Expedited Access--Establishment of a new Justice Department policy affording expedited access under the Act for certain FOIA requests that meet exceptional standards of media-related interest. By a memorandum to all Justice Department components dated February 1, 1994, OIP announced that the Department was expanding its policy of granting requests for expedited FOIA processing beyond the existing judicially recognized grounds of either threatened physical safety or the loss of substantial due process rights. It established a third category of requests entitled to expedited access ahead of other FOIA requesters--consisting of all "FOIA requests for which the Director of [the Justice Department's Office of] Public Affairs expressly finds that:
- there exists widespread and exceptional media interest in the requested information; and
- expedited processing is warranted because the information sought involves possible questions about the government's integrity which affect public confidence."
Attorney General Reno highlighted this new Justice Department policy in her FOIA Day presentation, and the Department formally encourages all other federal agencies to adopt similar such policies for the treatment of media-related requests seeking expedited FOIA access. Additionally, the Justice Department's Director of Public Affairs, Carl Stern, is scheduled to make a keynote presentation at the American Society of Access Professionals' Annual Symposium this summer addressing the operation of this openness-in-government initiative.

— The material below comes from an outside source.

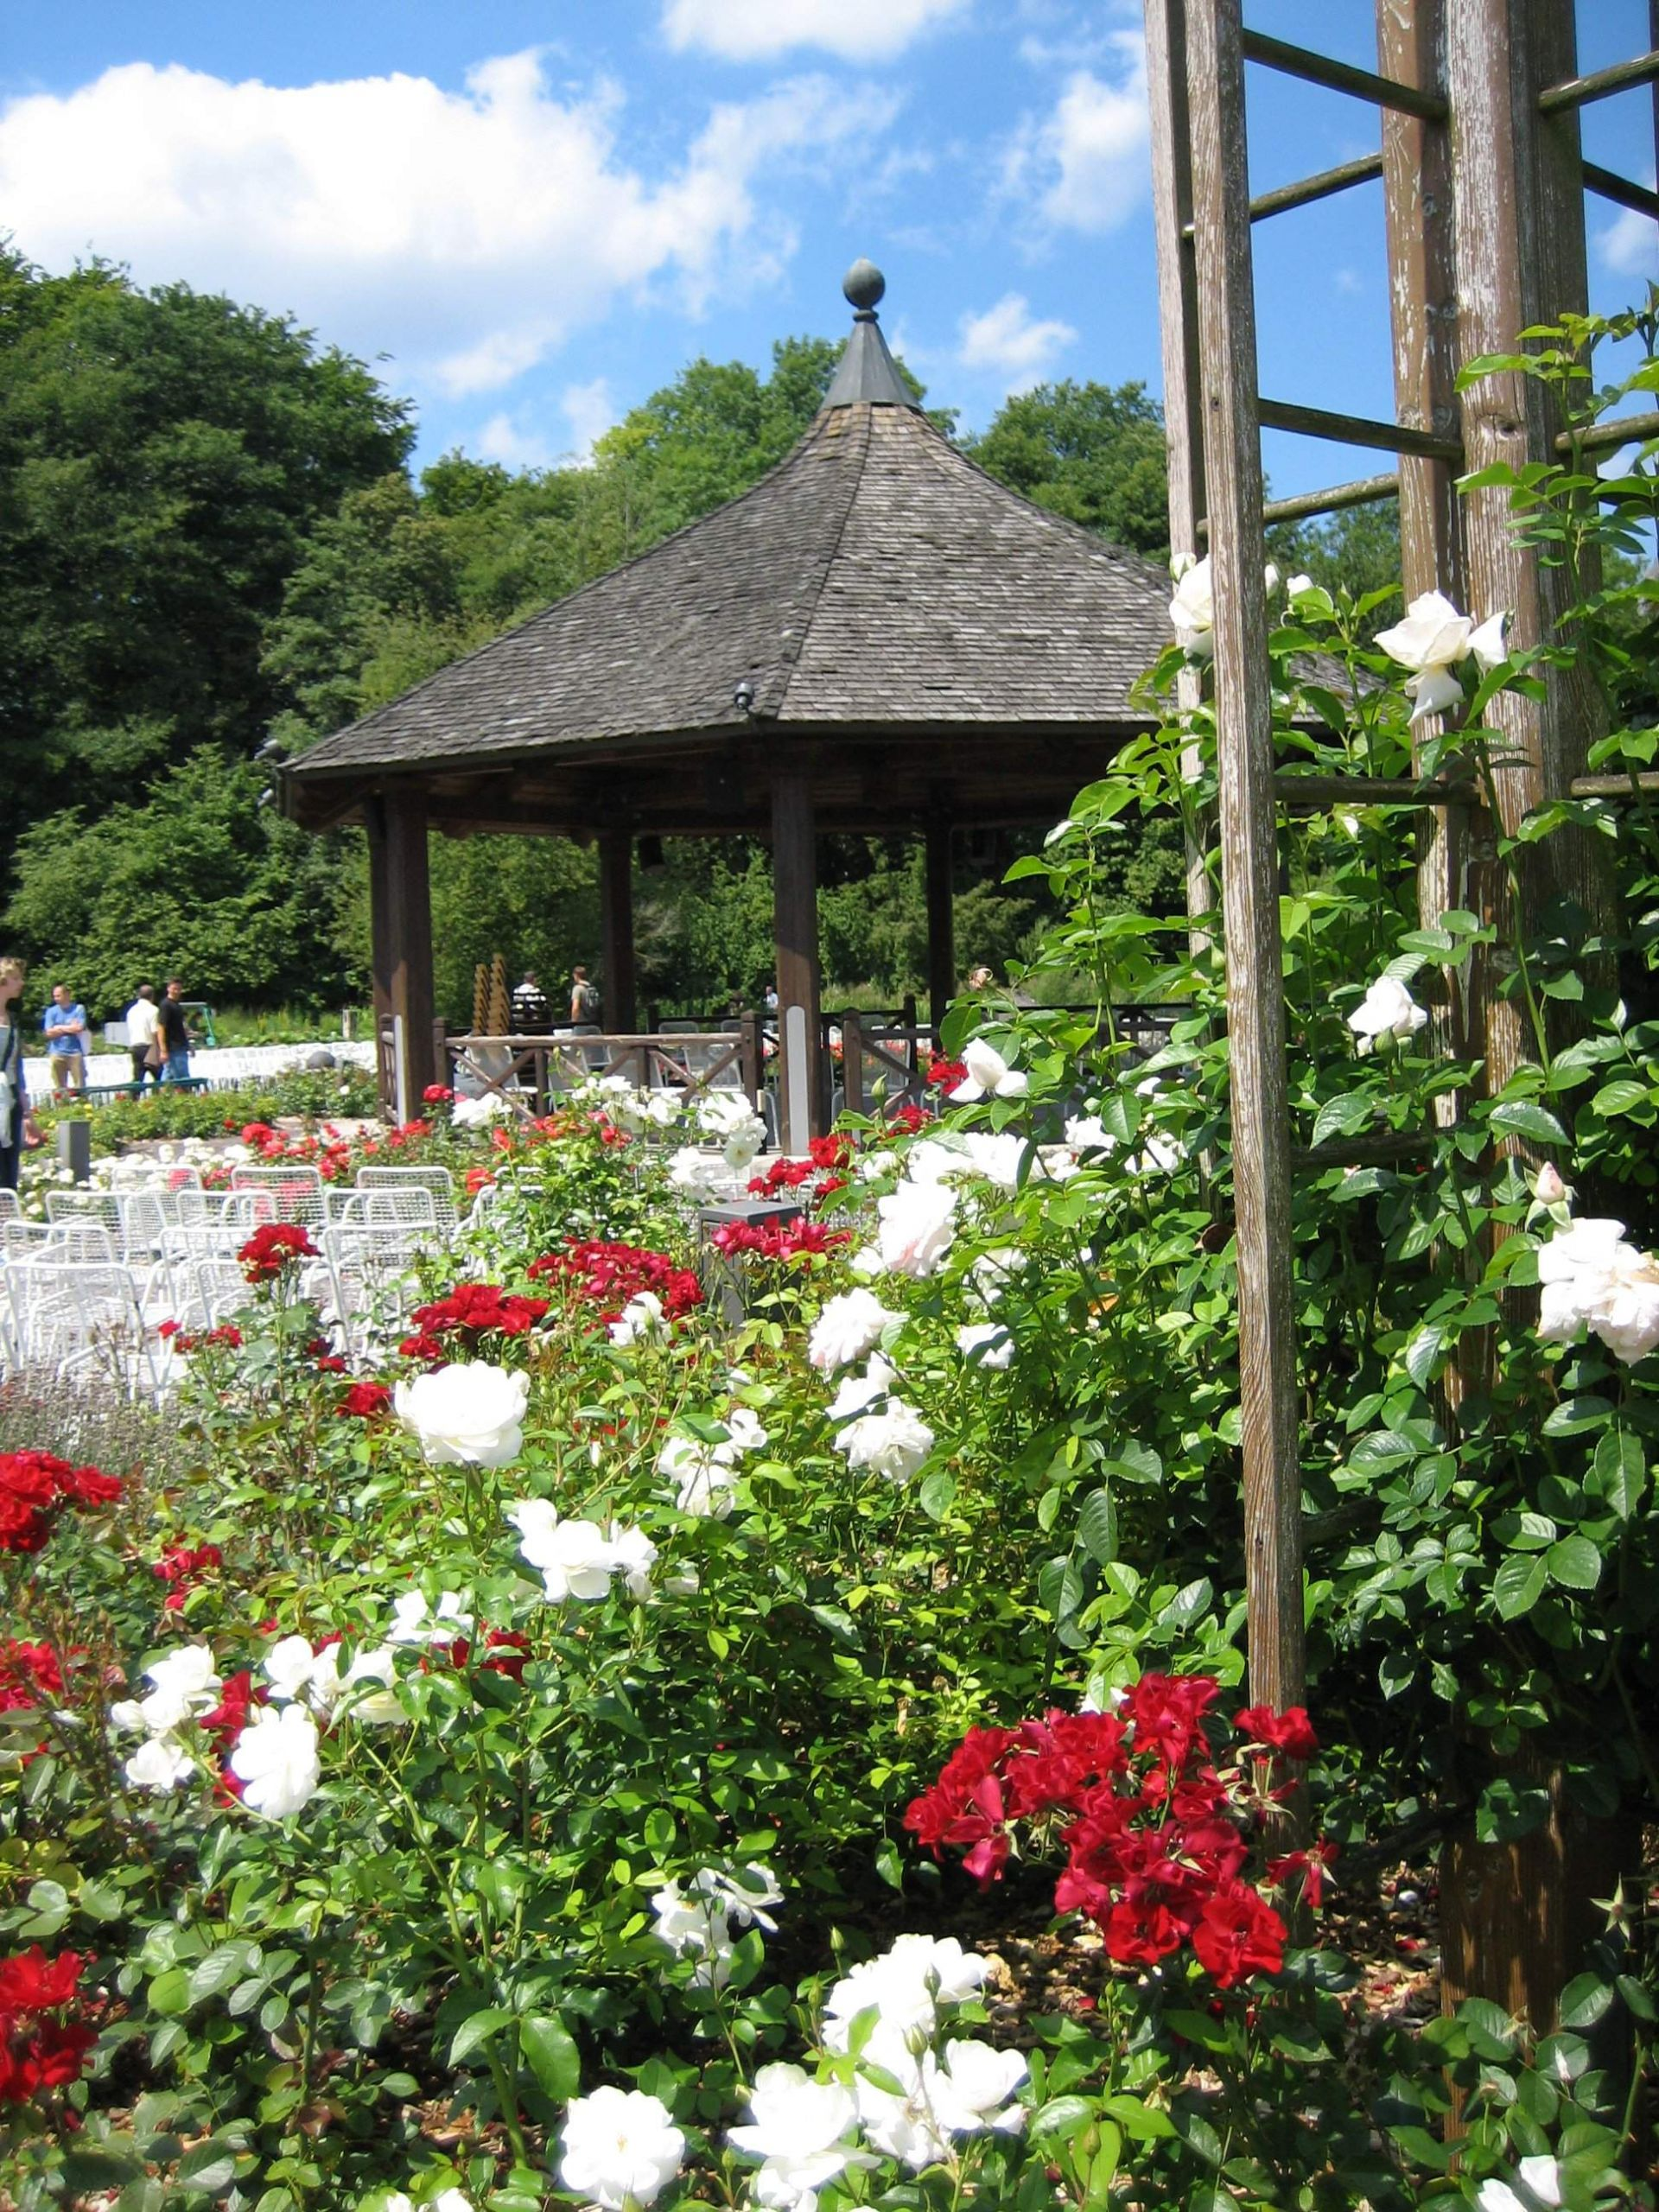 Garten Augsburg Einzigartig Datei Augsburg Bot Garten Am Rosenpavillon –

New Disclosure Policy for Professional Misconduct Investigations--Creation of a mechanism for affirmative disclosure of the results of investigations conducted by the Department's Office of Professional Responsibility in accordance with a new public interest disclosure standard. The Attorney General also described the Department's "new policy requiring the quick handling and appropriate public disclosure of investigations . . . into complaints of misconduct by Justice Department attorneys and investigators." This policy provides for disclosure of findings of intentional wrongdoing and also of the results of investigations in which no wrongdoing is found, based upon a new "public accountability" standard developed and applied through OIP. It encourages other agencies to adopt their own such policies, under applicable Privacy Act "routine use" regulations.
In addition to her FOIA Day speech at the National Press Club, which was televised by C-SPAN, Attorney General Reno made similar openness-in-government presentations before other media organizations during the spring.